All three Person objects are serialized into the object stream, os, and the stream is closed:
p.serialize(os);
q.serialize(os);
r.serialize(os);
os.close();
We now enter the reader half of main(), which could just as easily have been implemented as a separate program. It begins by opening a second object stream for input using "people", the name still stored in argv[1]:
ObjectStream os2;
os2.open(argv[1], ios::in);
if (!os2)
{
cerr << "can't open read
file\n";
exit(1);
}
If all goes well, memory is allocated for three person objects, but no memory is allocated for the corresponding addresses. Presumably this is done dynamically, when the object stream is deserialized:
Person p2, q2, r2;
p2.deserialize(os2);
q2.deserialize(os2);
r2.deserialize(os2);
To confirm the deserialization process, we display the new Person objects and quit:
cout << p2 <<
'\n';
cout << q2 << '\n';
cout << r2 << '\n';
return 0;
}
Here is the output produced:
(type = 6Person, location = 0xa0be28, OID = 507)
Mr. Bill Jones
age = 42
(type = 7Address, location = 0x50980, OID = 502)
123 Sesame St.
New York City, NY
(type = 6Person, location = 0xa0be10, OID = 508)
Ed Smith
age = 33
(type = 7Address, location = 0x509f8, OID = 503)
100 Detroit Ave.
San Francisco, CA
(type = 6Person, location = 0xa0bdf8, OID = 509)
Ms. Sue Jones
age = 45
(type = 7Address, location = 0x50980, OID = 502)
123 Sesame St.
New York City, NY
Notice that the correct Address objects have been created. Also notice that Bill and Sue Jones share an address object, although the location of this object is different from the location of the original Address object. The deserialization mechanism preserved the object identifiers (OIDs) of the Address objects, but not the OIDs of the Person objects. This is because our program explicitly created new Person objects.
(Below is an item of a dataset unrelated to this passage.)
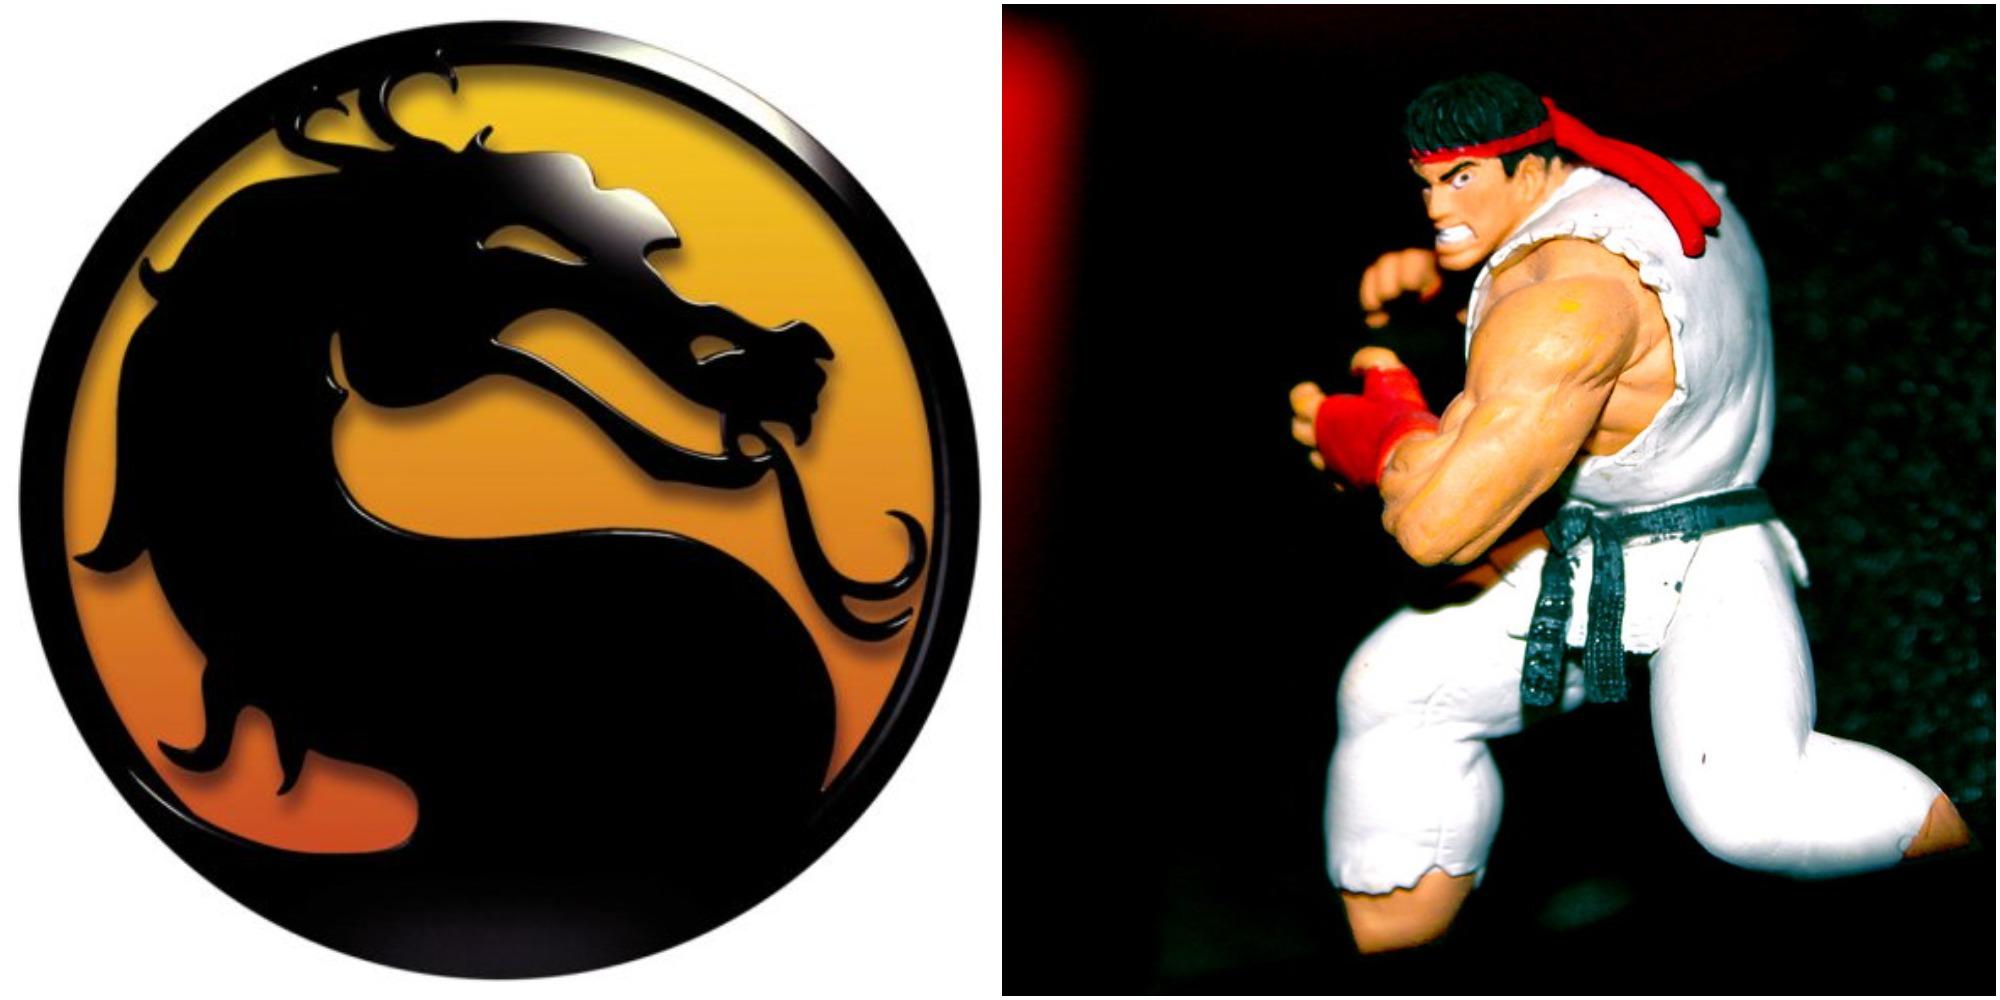 Street Fighter vs Mortal Kombat: która seria zasługuje na zwycięstwo?

As it turns out, people, the file containing the serialized objects, is an ordinary text file that can be read by an ordinary text editor. Here is what it contains:
(10)Bill Jones
42
M
502 7Address
123
(10)Sesame St.
(13)New York City
(2)NY
(8)Ed Smith
33
U
503 7Address
100
(12)Detroit Ave.
(13)San Francisco
(2)CA
(9)Sue Jones
45
F
502
Notice that each field appears on a separate line. This makes reading the file easy. Each string field is preceded by the length of the string in parenthesis. The Address pointers have been translated into an object identifier followed by the type name. For example:
502 7Address
This is followed by the Address object itself. The only exception is the pointer to Sue Jones' address, which is simply the object identifier, 502. Presumably this is because the actual Address object occurs earlier in the file, after the entry for Bill Jones.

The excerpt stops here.